[OpenAFS] sanity check please.

Mike Polek mike@pictage.com
Thu, 08 Sep 2005 17:01:14 -0700

> From: Pucky Loucks <ploucks@h2st.com>
> Date: Sat, 3 Sep 2005 16:50:33 -0700
> Subject: [OpenAFS] sanity check please.
> Hi everyone, I've been playing with openafs for a couple of months  
> now and I'm just wanting some to sanity checks of my idea of an AFS  
> deployment.
> I'm wanting to build a scalable system that will have millions of  
> images stored on a file system.  (this is where AFS comes in)  It  
> looks to me like AFS is able to deal with scaling the partitions and  
> volumes i.e. total storage.  In the end I could have terabytes of  
> data. Still my belief is that AFS can handle it.  My concern is that  
> I want to replicate the data so that I have some redundancy, AFS can  
> handle this too.

My company does something along these lines. We process thousands
of images each day and store them in AFS. We have nearly
100TB of storage at the moment.

> 1) Is this going to become a huge management issue?

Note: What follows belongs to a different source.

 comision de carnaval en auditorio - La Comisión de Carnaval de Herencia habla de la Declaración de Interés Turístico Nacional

Over time, we've written a number of custom scripts to
handle the volume management. As with anything else,
any management tasks that you find yourself doing
repetitively, write a script for it. The key is to
define your workflow and develop some software to
assist you in moving things around. Be sure to have
a definition for when things expire, if you want to
keep your storage finite.

> 2) If I end up getting 5 thousand images a day would I want it to be  
> in it's own volume so I could replicate each "day"?

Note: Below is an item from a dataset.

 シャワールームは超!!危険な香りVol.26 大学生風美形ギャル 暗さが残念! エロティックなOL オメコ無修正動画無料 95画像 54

We found that a key is to set things up so that volumes are finite,
and eventually stabilize. We organize our images according
to the event they came from. Each event produces a finite
number of images, so eventually the volume stops growing.
It's much easier to backup/move/replicate volumes that
are stable. We have an index volume with a finite depth
tree structure in which we mount all the volumes with
images. It's also important to decide up front how you
will name your volumes. Name them for the logical grouping
of the images they contain (whether it's the event, the
source, the date range of the received date of the images,
or whatever). That way if anything happens to the mount points,
you can reconstruct your index from the volume names in a pinch.

> 3) what's the recommend max size for a volume?

Depends on what you want to do with it. The bigger the volume,
the more time it takes to backup/move/replicate. Do some tests
with your systems, find out how long it takes to move/replicate
volumes of different sizes, and decide how long you're willing
for the operation to take. Bound your volumes based on the time
those operations would take, and the probability that the
operation will be interrupted and have to be repeated.

  > 4) These files will be served via apache is that an issue? (my
> understanding is it's not)

Shouldn't be.

Good luck!

Mike Polek,
Pictage, Inc.